My voice isn't much of a treasure to me, but I appreciate the lovely sentiment.

take good care ❤️

Jean

MarkJT
Blue Voices Member
Blue Voices Member

Heya Jean, I have absolutely no experience speaking to people who are in transition but have nothing but respect for you. What an amazing story and agree with above, your quirkiness is awesome, don't lose that, don't ever lose that.

To come on here and post what you did took massive courage and for that, you need to pat yourself on the back.

When i was faced with my biggest hurdle in life, being hospitalised with PTSD, depression and anxiety and not an ounce of resilience to my name, was I scared? Absolutely, scared sh!tless, but i believed in myself and after travelling along my journey, I got my life back.

Your journey is a special one. One that not a whole lot of people will journey upon but one that is extremely important to you and you deserve every piece of happiness that IS coming your way.

Yes you have a journey to go on and you will have good days and bad days but you will always have friends in here to chat to who will help you through the bad days and celebrate the good days with.

Stay funky!

Cheers

Mark.

Hey Jean;

Lovely to hear from you I must say. Please don't be so hard on yourself, gently and kindly as we say on here.

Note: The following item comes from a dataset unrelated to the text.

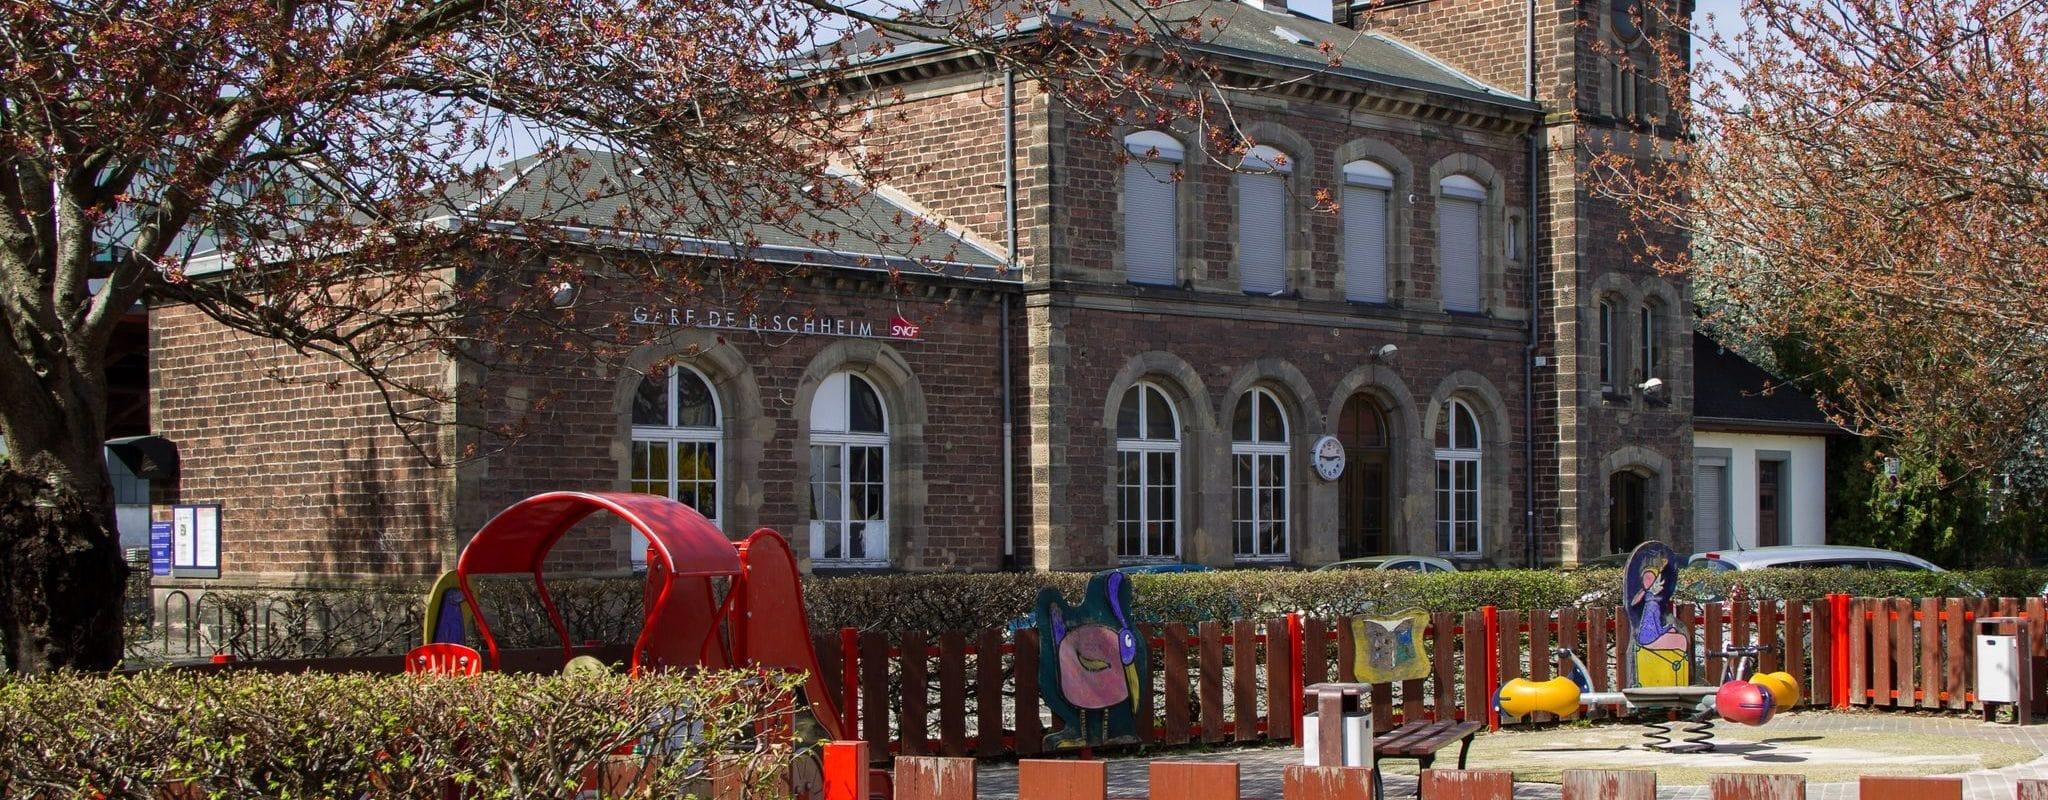 Mobilisation pour sauver la gare de Schiltigheim

I just have to clear something up; you identified yourself as female in your first post, and I ran with this as you transitioning to male. I'm sorry if this isn't the case. Gender reassignment, (I hope I'm using the right term) is physical, but mentally it's already there. Could you please help me to understand?

I'm sorry for my ignorance and insensitive comment. I'm not a professional, just a concerned member of BB wanting to support you. Still love your quirkiness and beautiful voice.